= Source data =
--- START ---
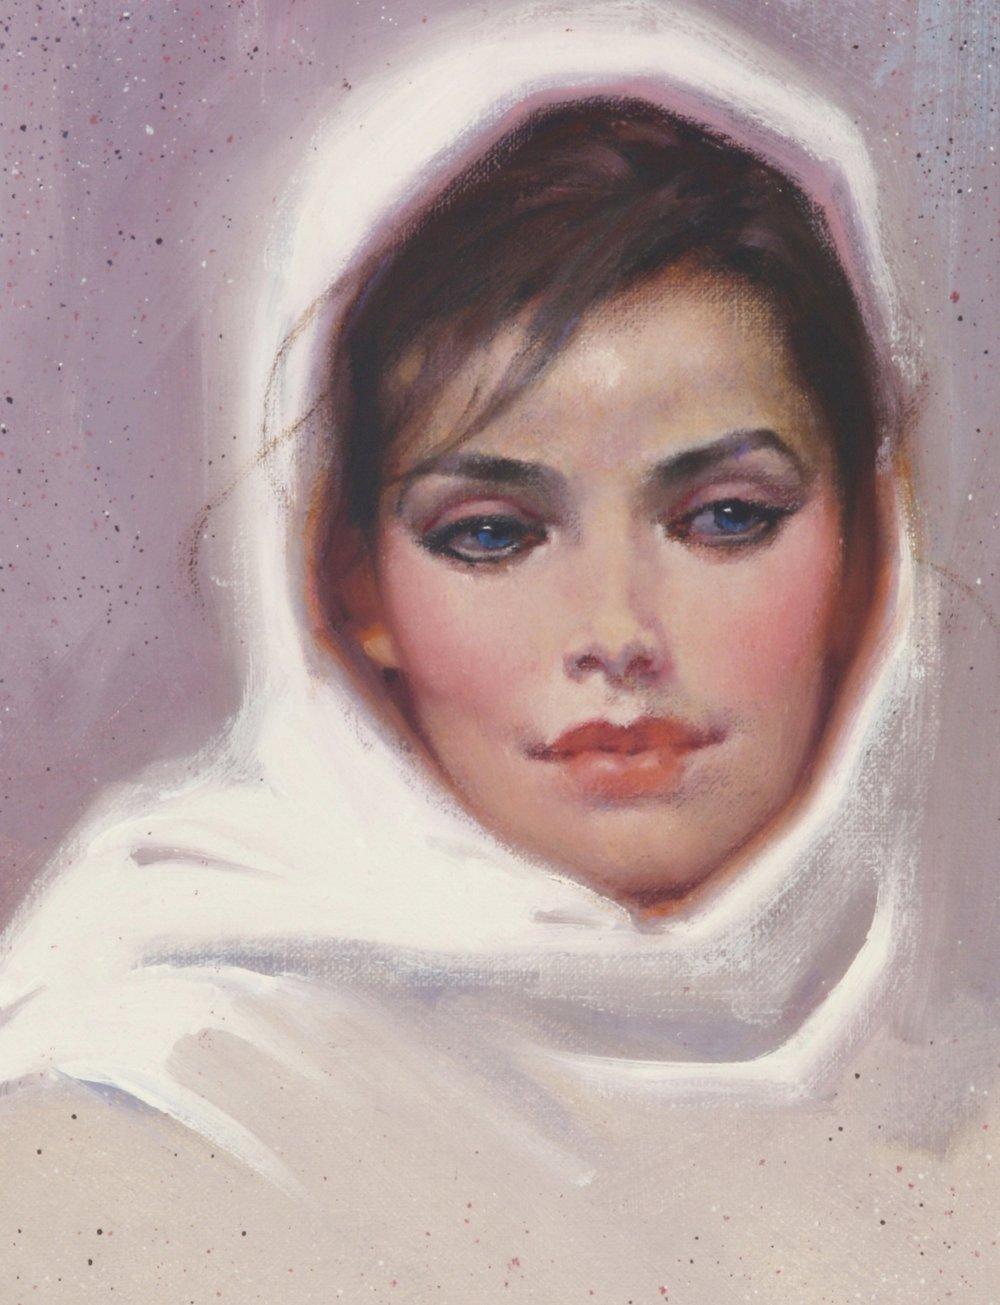 White Headdress
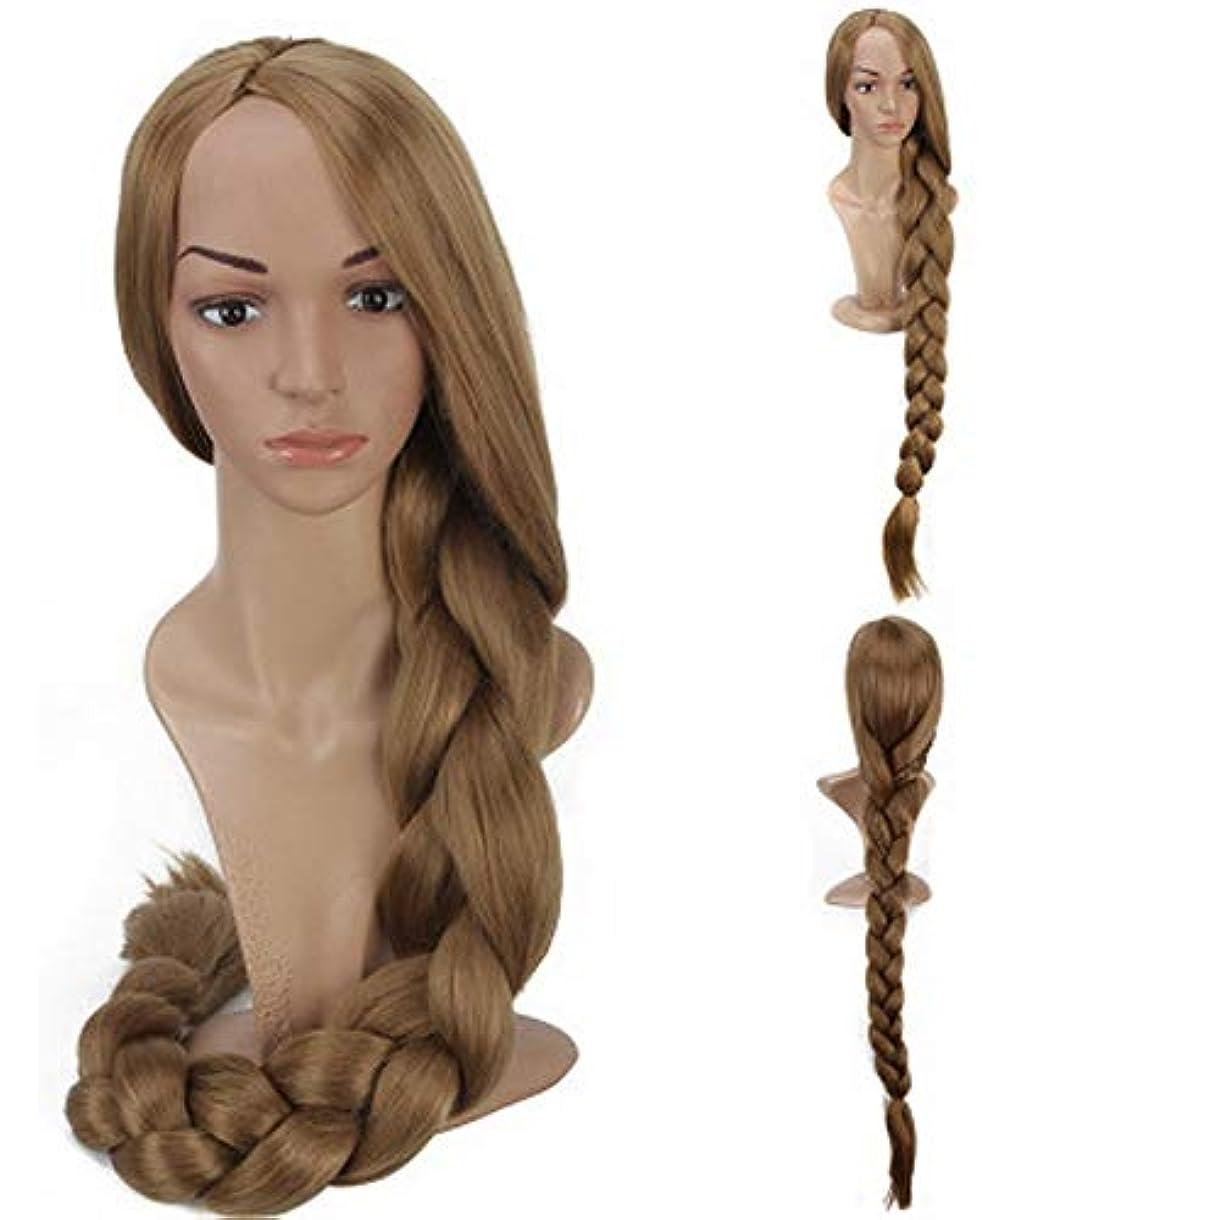 有効薬を飲むカスタム女性のための色のかつら長いウェーブのかかった髪、高密度温度合成かつら女性のグルーレスウェーブのかかったコスプレヘアウィッグ、女性のための耐熱繊維の髪のかつら、紫色のウィッグ47インチ
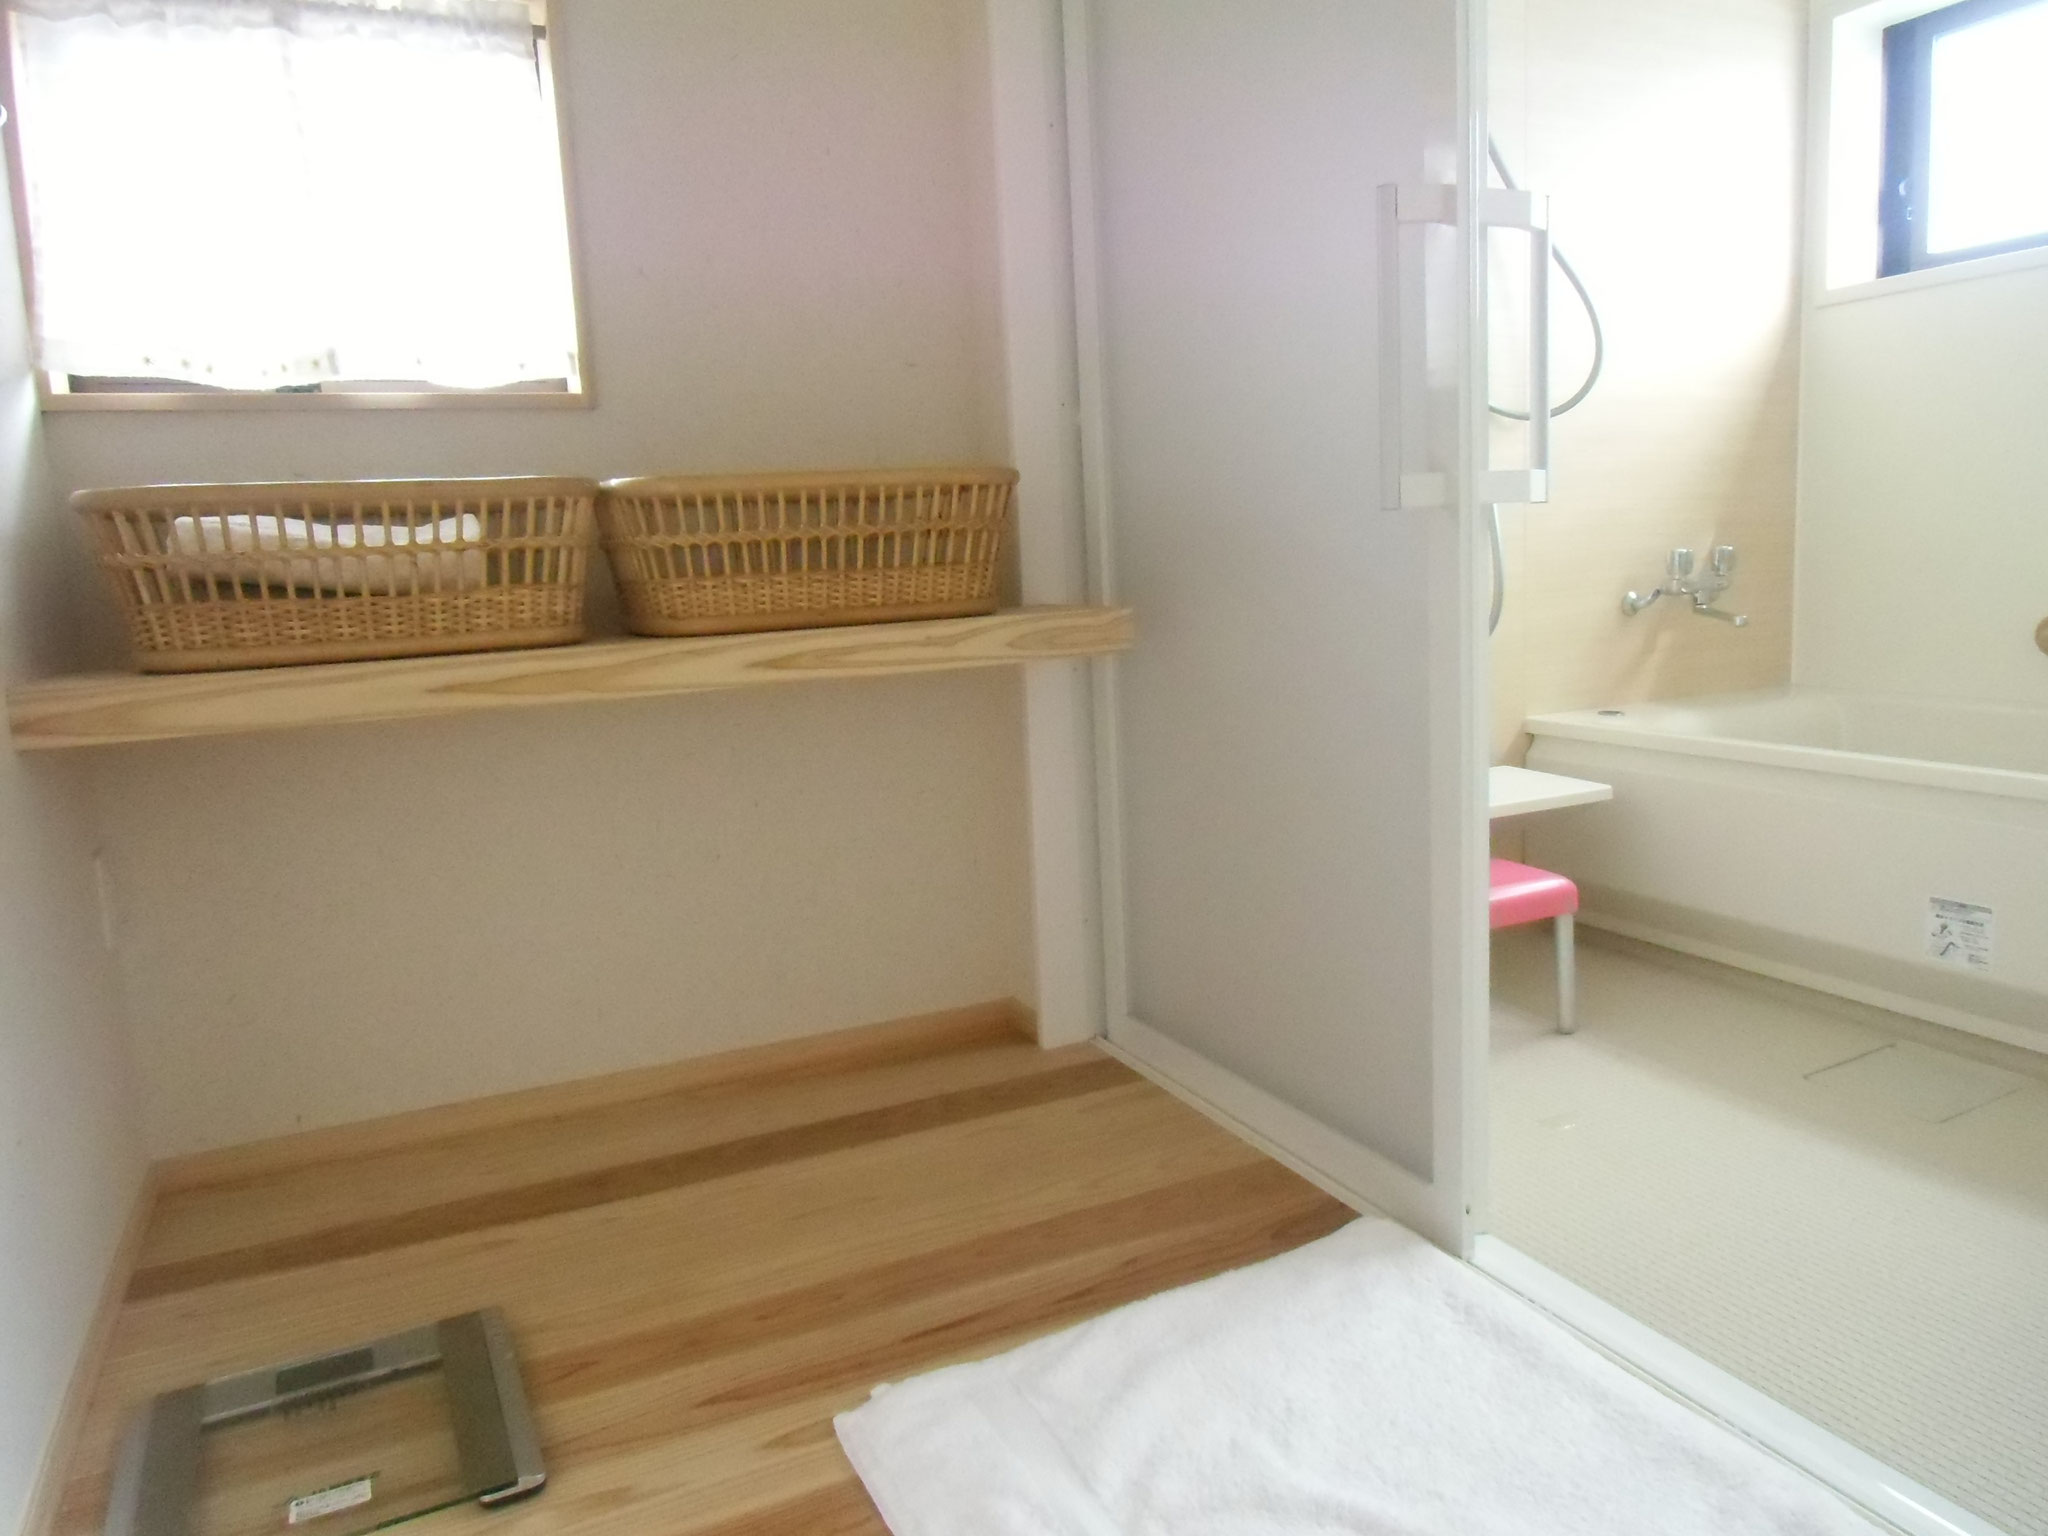 母屋のユニットバス用脱衣室です。
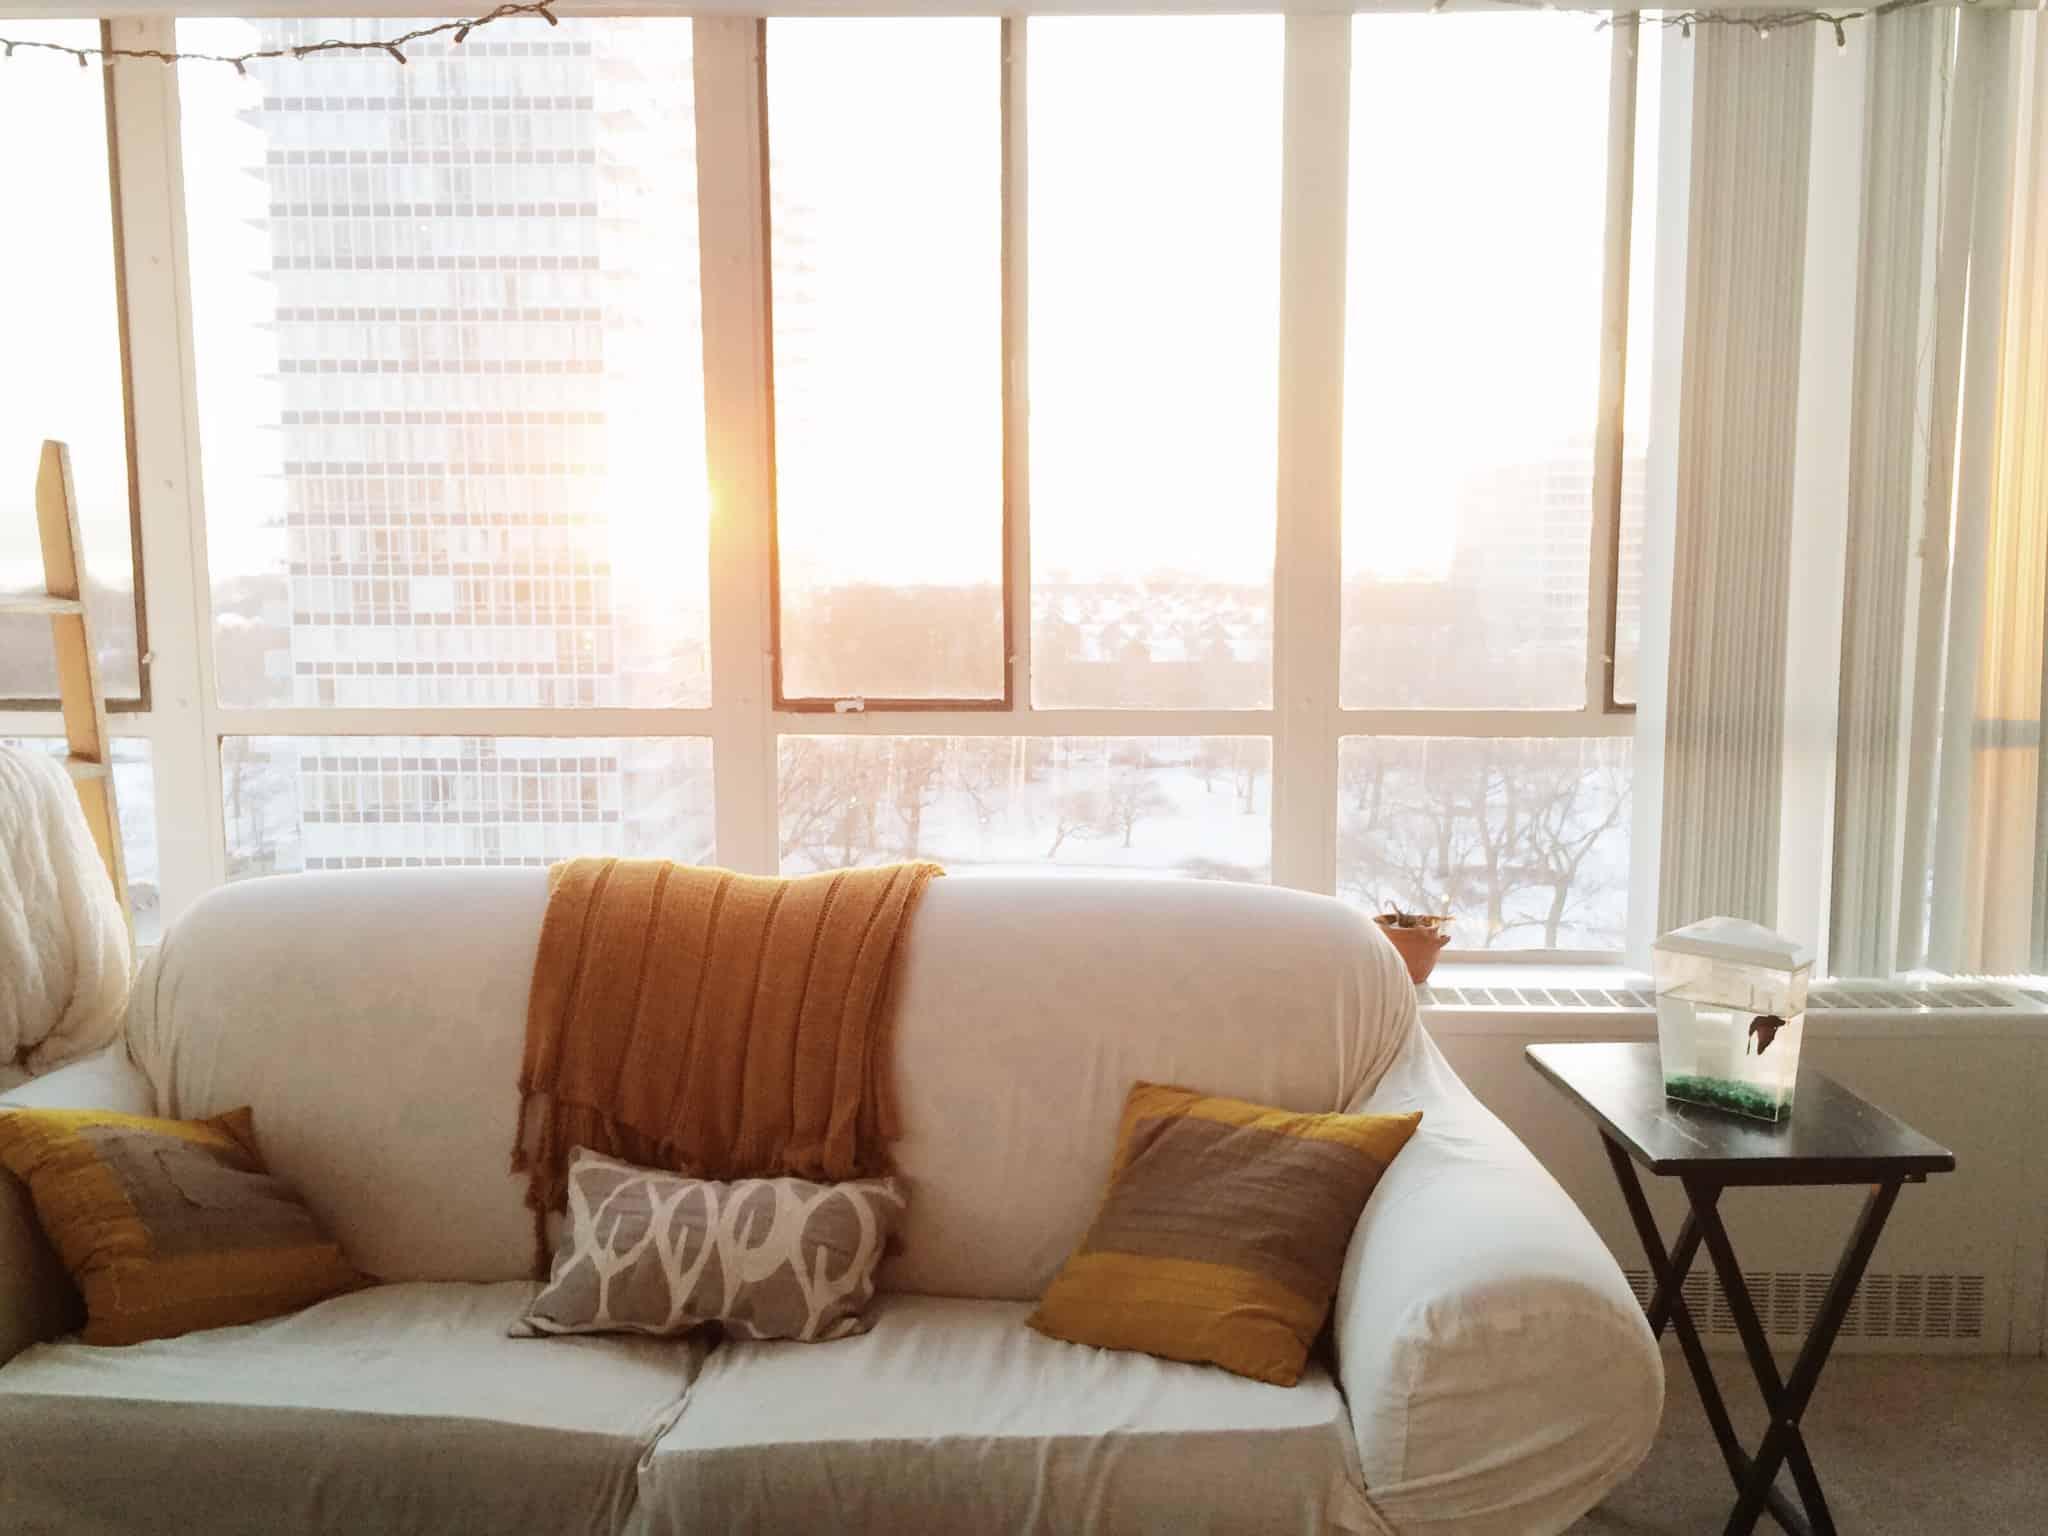 sofa branco encostado a uma janela
--- END ---
= Instructions to follow =
Write out the listing above exactly as it stands, pictures excluded.

= Task output =
 White Headdress
 有効薬を飲むカスタム女性のための色のかつら長いウェーブのかかった髪、高密度温度合成かつら女性のグルーレスウェーブのかかったコスプレヘアウィッグ、女性のための耐熱繊維の髪のかつら、紫色のウィッグ47インチ
 母屋のユニットバス用脱衣室です。
 sofa branco encostado a uma janela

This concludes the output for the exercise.